> DATASET SECTION
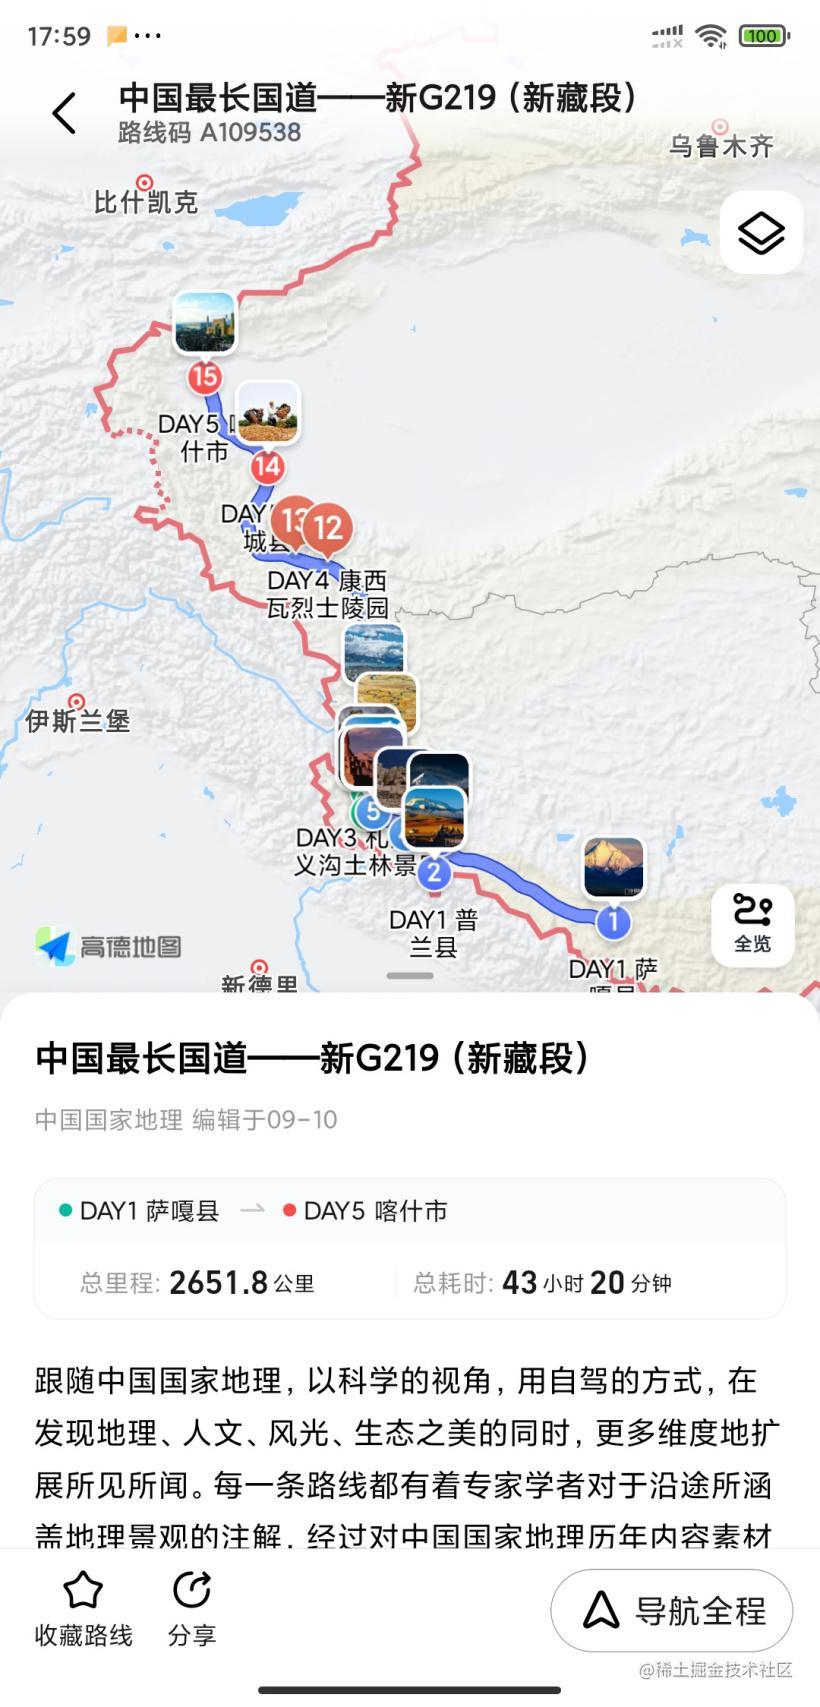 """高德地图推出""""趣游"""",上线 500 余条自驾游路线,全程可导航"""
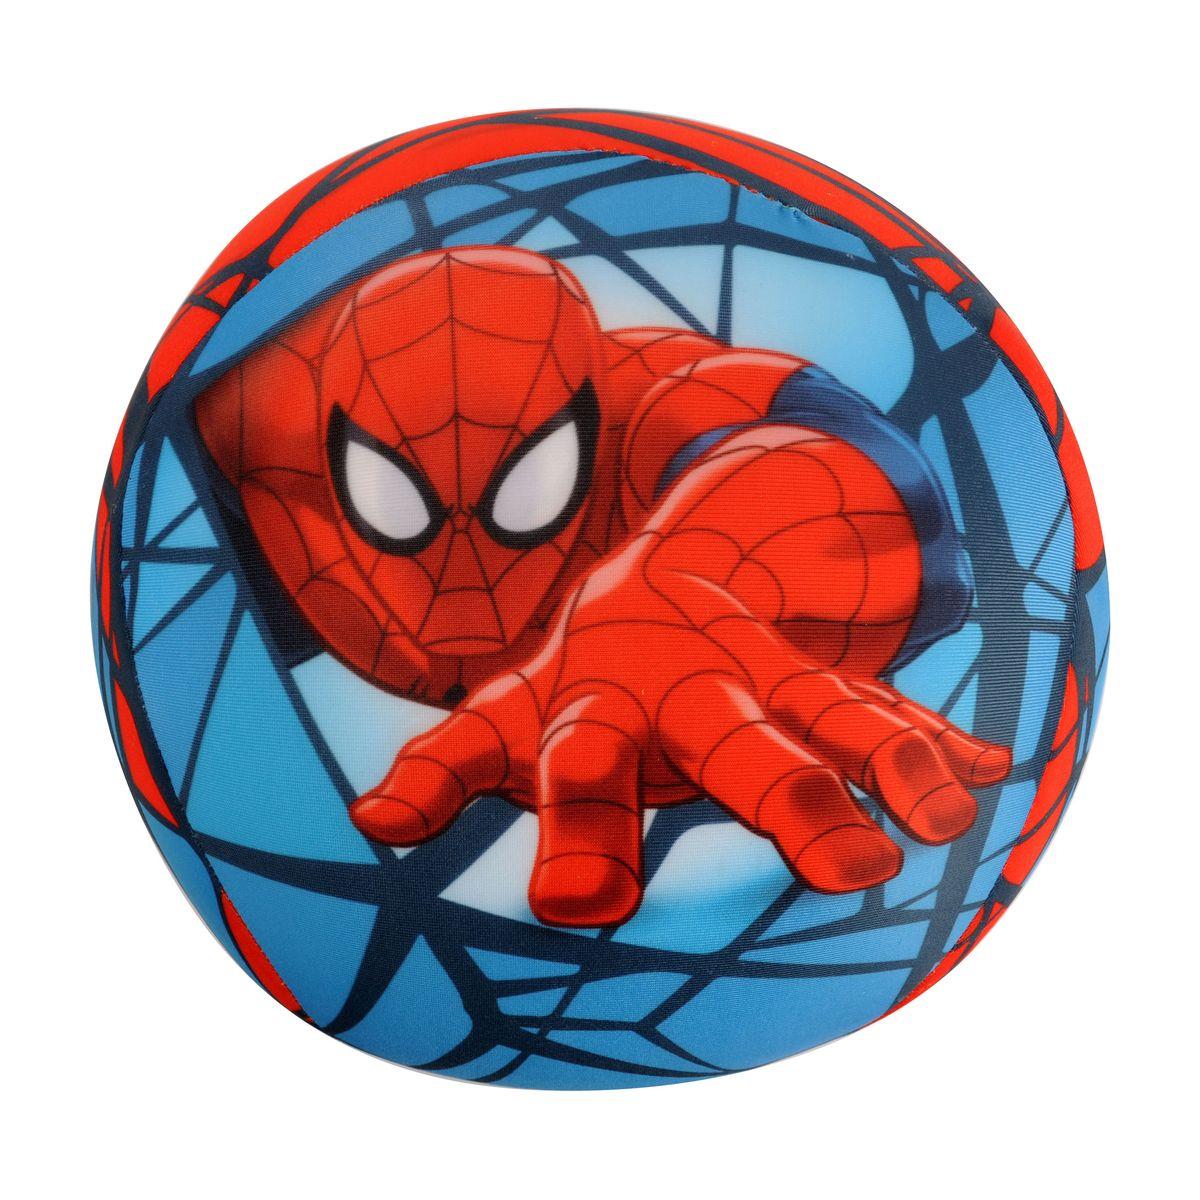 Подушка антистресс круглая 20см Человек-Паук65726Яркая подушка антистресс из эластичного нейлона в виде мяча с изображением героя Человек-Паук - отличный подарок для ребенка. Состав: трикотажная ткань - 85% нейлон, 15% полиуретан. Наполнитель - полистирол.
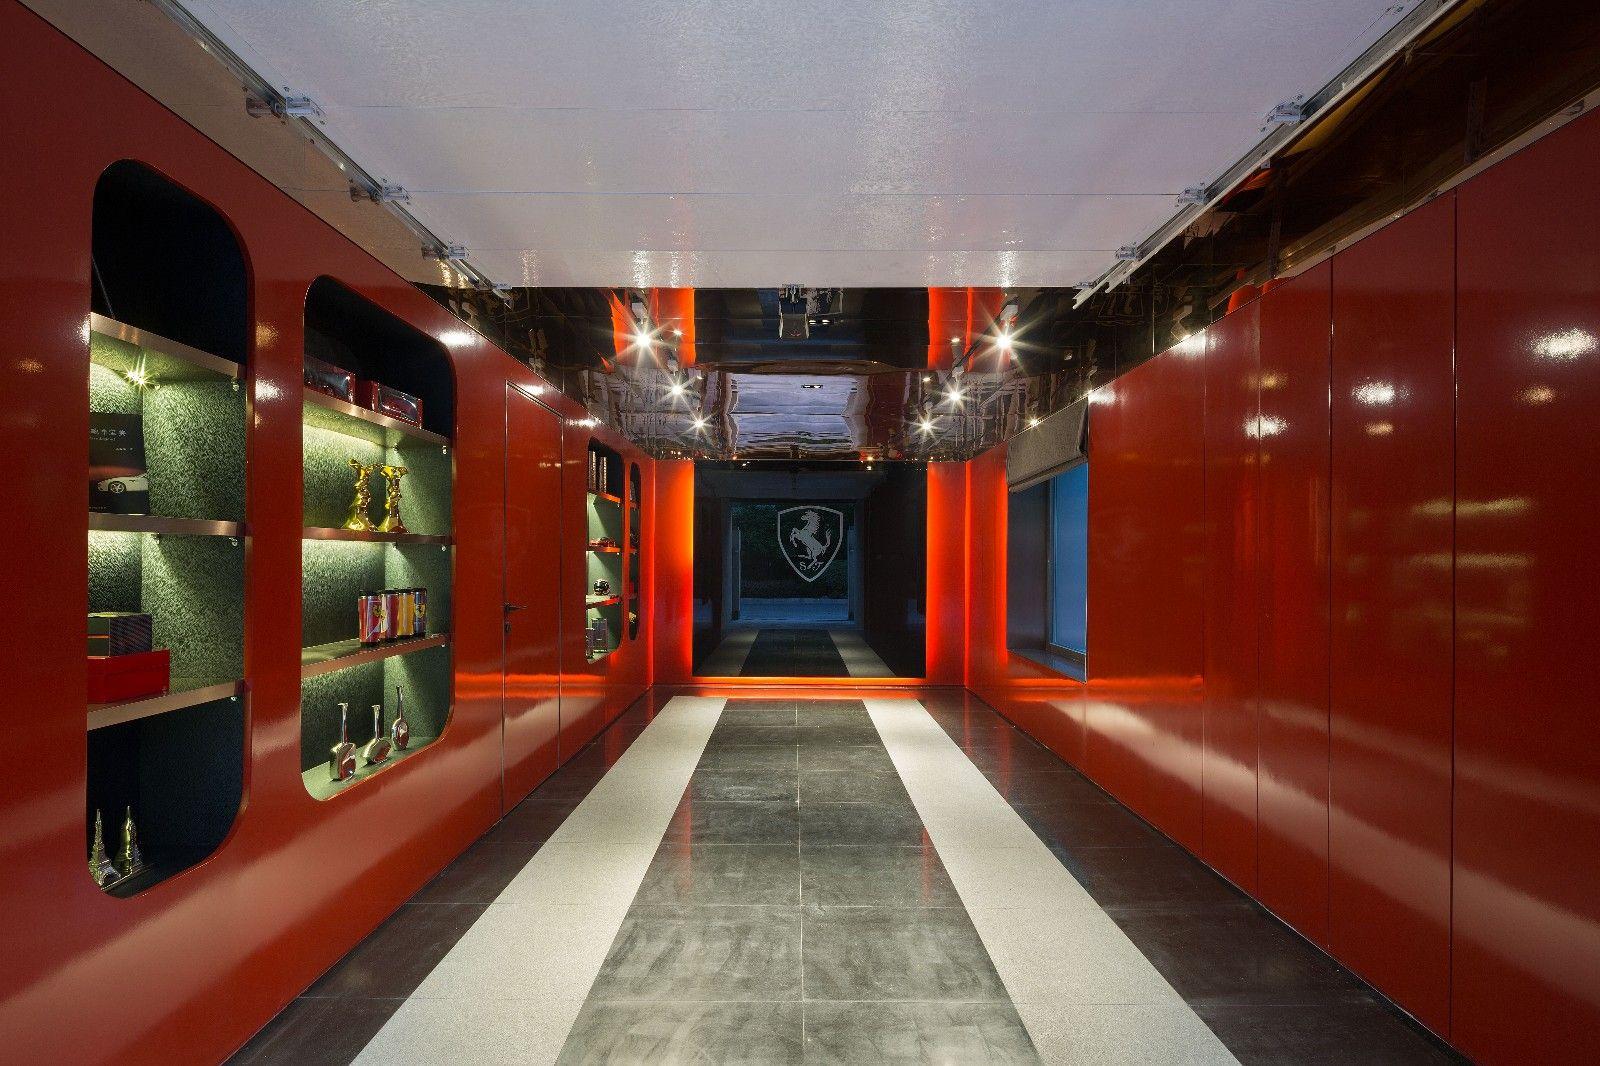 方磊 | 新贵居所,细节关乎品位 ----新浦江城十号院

> TRY IT
Without including any pictures, copy every line above exactly.

> WRITTEN RESPONSE
 """高德地图推出""""趣游"""",上线 500 余条自驾游路线,全程可导航"""
 Подушка антистресс круглая 20см Человек-Паук65726Яркая подушка антистресс из эластичного нейлона в виде мяча с изображением героя Человек-Паук - отличный подарок для ребенка. Состав: трикотажная ткань - 85% нейлон, 15% полиуретан. Наполнитель - полистирол.
 方磊 | 新贵居所,细节关乎品位 ----新浦江城十号院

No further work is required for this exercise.